SEC: Nigeria’s Infrastructure Deficit to Hit $878bn by 2040

SEC: Nigeria’s Infrastructure Deficit to Hit $878bn by 2040

The Securities and Exchange Commission (SEC) yesterday said the country’s infrastructure deficit would hit $878 billion by 2040, and therefore called for active utilisation of green bond for infrastructural gap.

SEC acting Director-General, Mary Uduk, stated this at the 2018 annual workshop organised by the Capital Market Correspondents Association of Nigeria (CAMCAN) in Lagos.

She said Nigeria should tap into green bond opportunities, adding that the commission would continue to promote an active enabling and regulative environment for its issuance.

“The future holds opportunities for renewable energy, energy efficiency, infrastructure, food, agriculture, and the task ahead is to ensure funds are channeled to green projects with multiple socio-merits,” Uduk said.

Uduk said there must be more domestic participation in green bonds investment for Nigeria to claw its way out of deficit in infrastructure, power and energy, transportation as well as eliminating environmental degradation.

The DG SEC, who was represented by Head, Registration and Market Infrastructure Department, SEC, Mr. Emomotimi Agama, said it was necessary for Nigeria to stand at the forefront of innovations and initiatives.

She noted that the second tranche of green bonds which had been issued presented an opportunity for the country to solve its infrastructural deficit.

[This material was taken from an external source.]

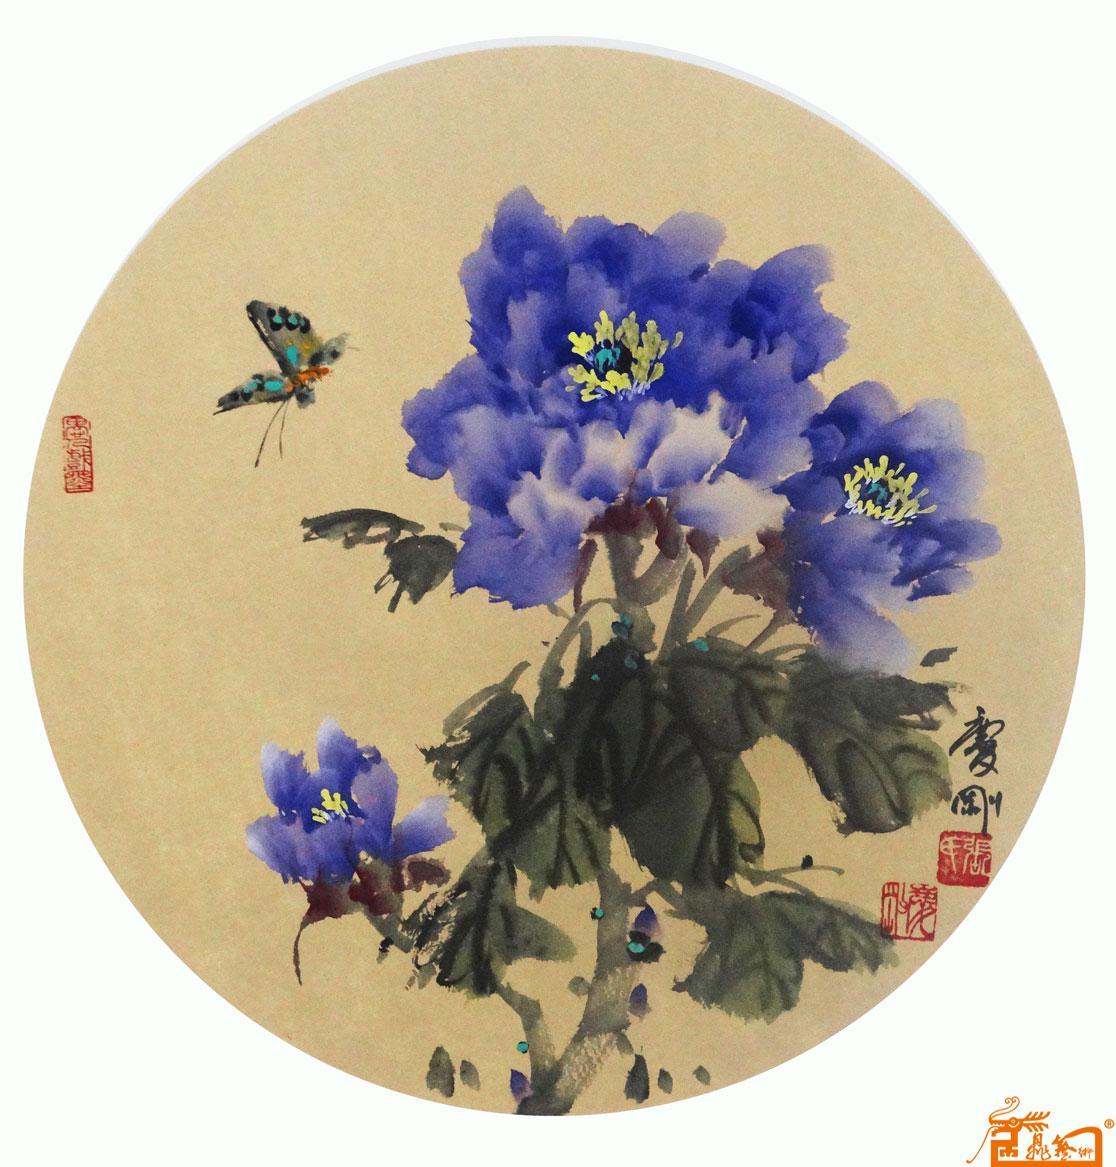 卡通手绘花朵团扇
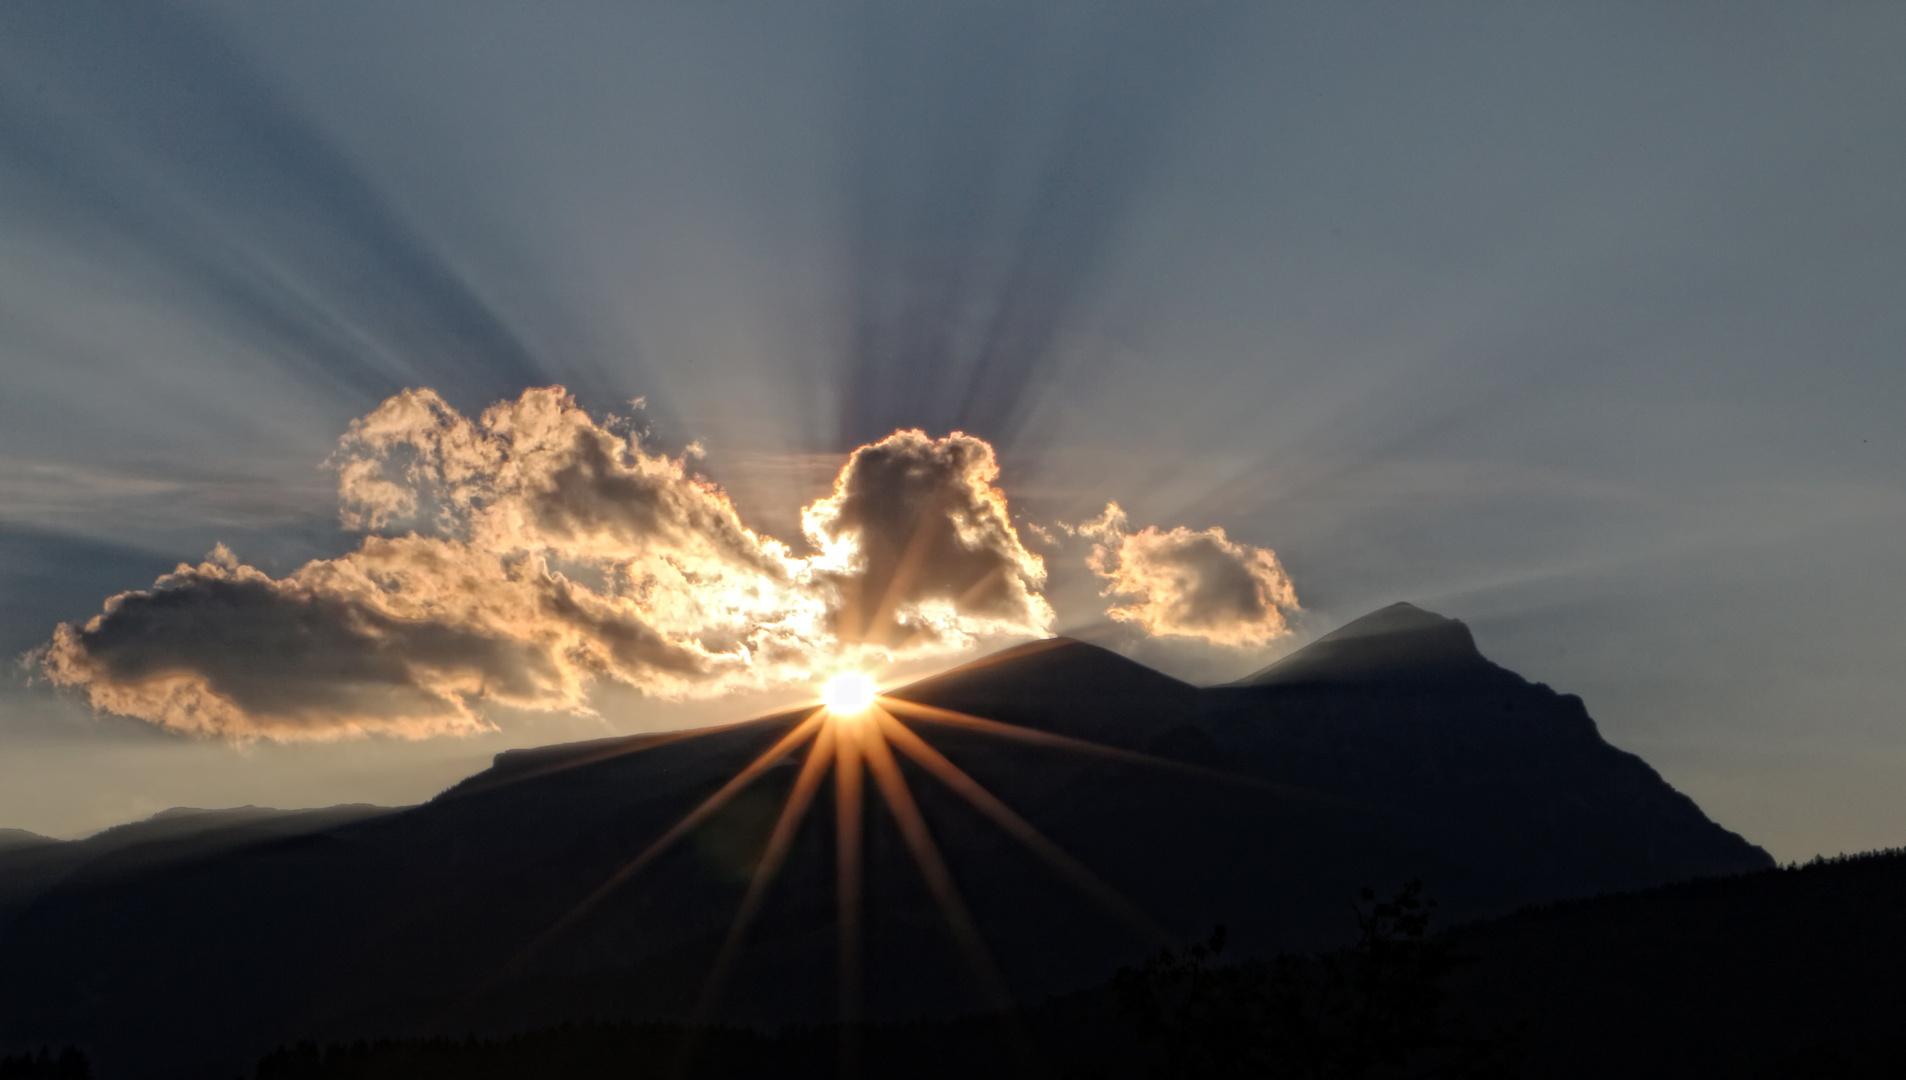 Ein letzter Sonnenstrahl

“The biggest opportunity, to my mind, which green bond issuances will present, is the potential to solve Nigeria’s infrastructural deficits, improve agriculture and alleviate poverty as well as protecting the environment-a multi-faceted strategy,” she said.

Also speaking, the Managing Director of FMDQ OTC Securities Exchange, Mr. Bola Onadele, said $155 billion had been realised from the green bonds issuance, thereby gaining attention of investors.

Onadele, who was represented by the Senior Vice President, Economic Development Division at the Exchange, Emmanuel Etaderhi, said  the country’s resources was not growing in tandem with the rising population.

He stated that the reason for Nigeria’s woeful performance in the power and energy sector was due to its inability to tap into energy utilisation from the sun like other European countries.

According to him, the challenges affecting green bonds include low level of local participation in green bond verifiers, lack of investible projects, cost of verification and lack of understanding on the part of key investors.

“Green bond investors enjoy waivers relating to tax, and in the next 15 years, we will require $7 trillion in investments connecting sustainable finance to capital markets,” he said.